> **Dataset**:
------------

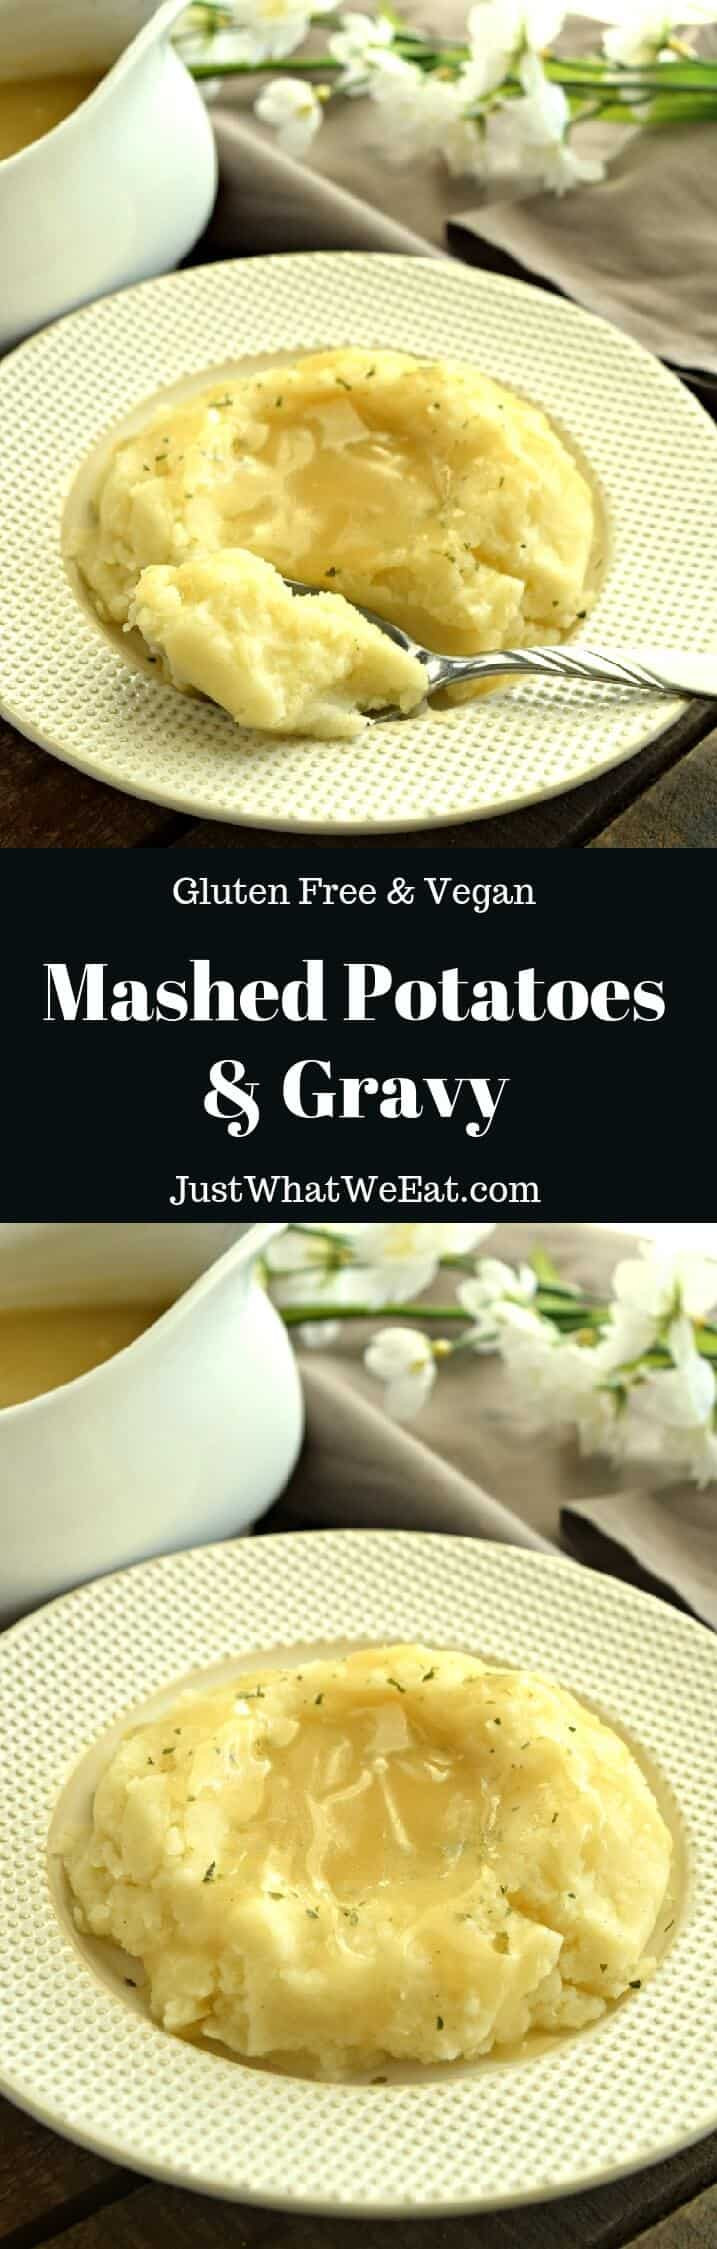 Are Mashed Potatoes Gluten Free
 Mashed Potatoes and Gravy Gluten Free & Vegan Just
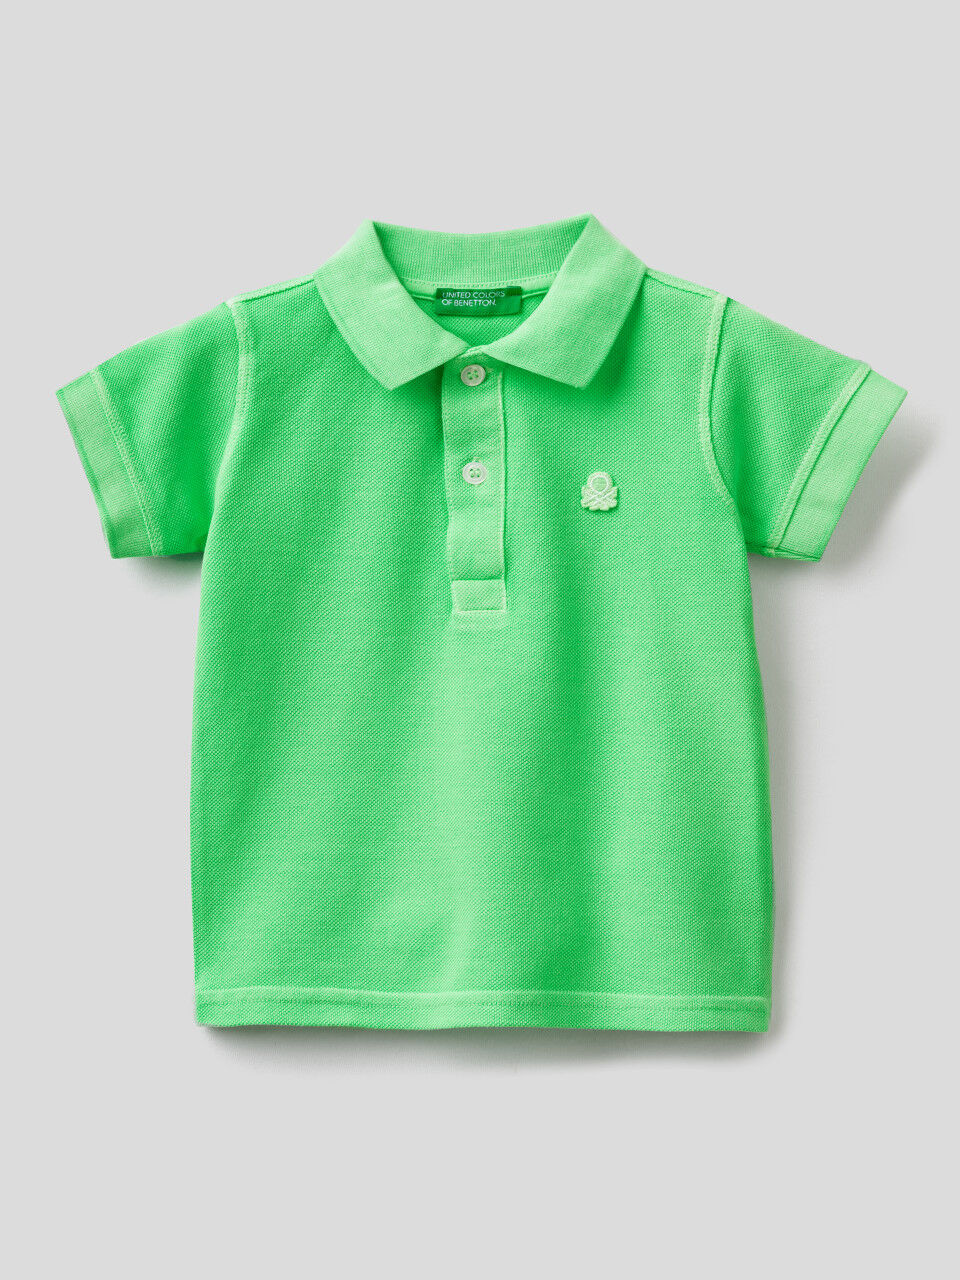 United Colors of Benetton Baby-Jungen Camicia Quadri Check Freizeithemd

------------

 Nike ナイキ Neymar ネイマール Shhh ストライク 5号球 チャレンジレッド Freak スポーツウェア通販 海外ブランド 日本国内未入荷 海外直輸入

------------

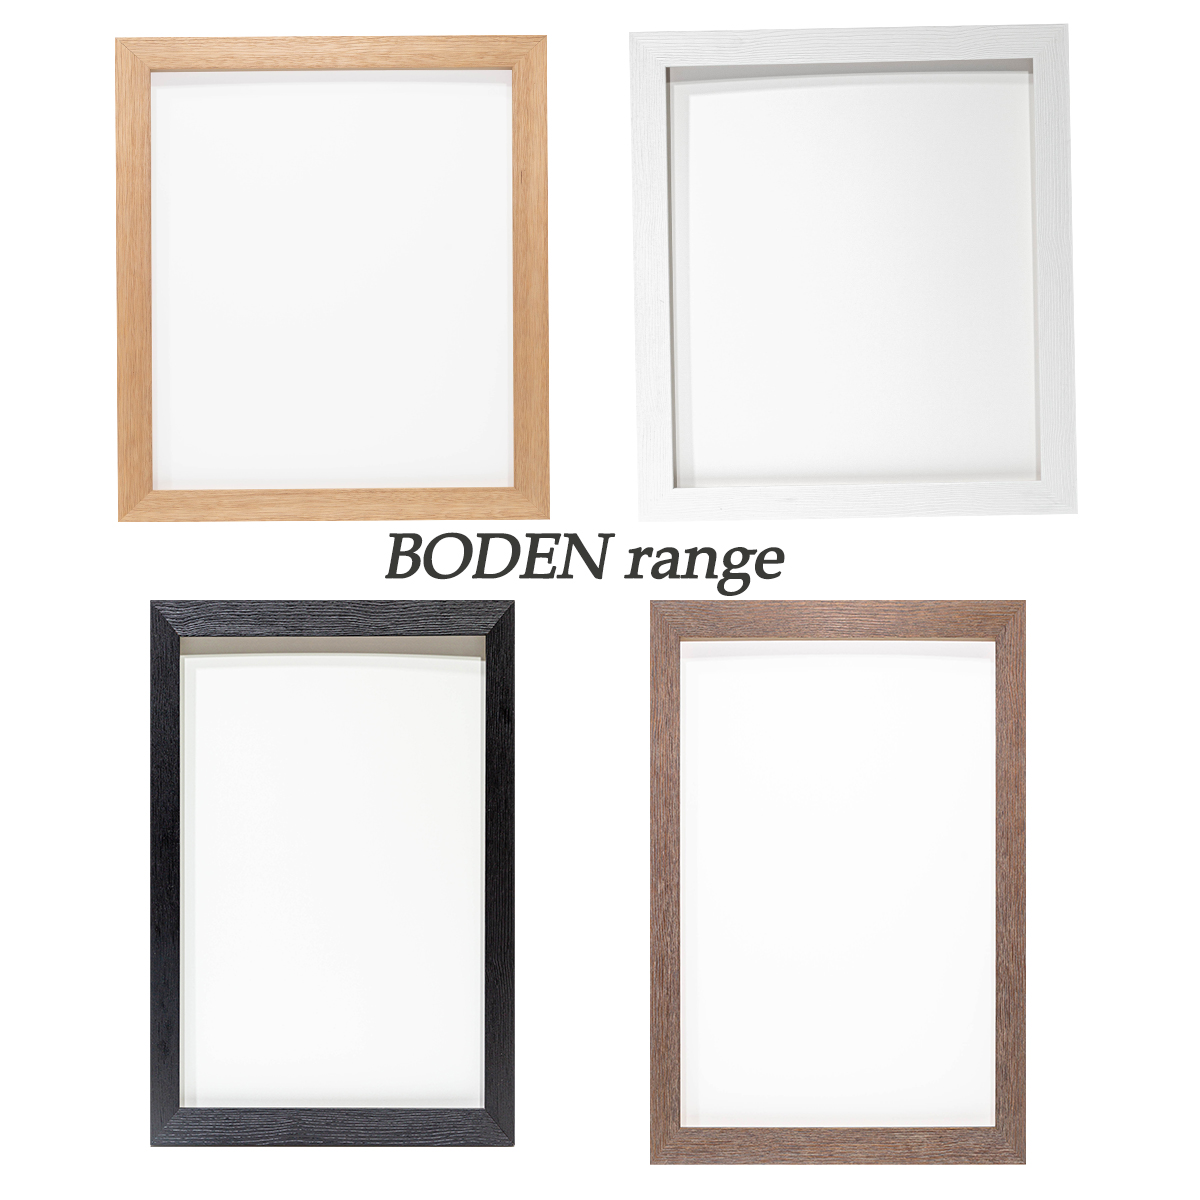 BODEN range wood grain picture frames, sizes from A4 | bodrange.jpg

------------

> **What to work on**:
To complete this exercise, transcribe exactly the lines above from the one that holds "Are Mashed Potatoes Gluten Free" through the one that holds "United Colors of". Pictures stay out.

> **Result**:
 Are Mashed Potatoes Gluten Free
 Mashed Potatoes and Gravy Gluten Free & Vegan Just
 United Colors of Benetton Baby-Jungen Camicia Quadri Check Freizeithemd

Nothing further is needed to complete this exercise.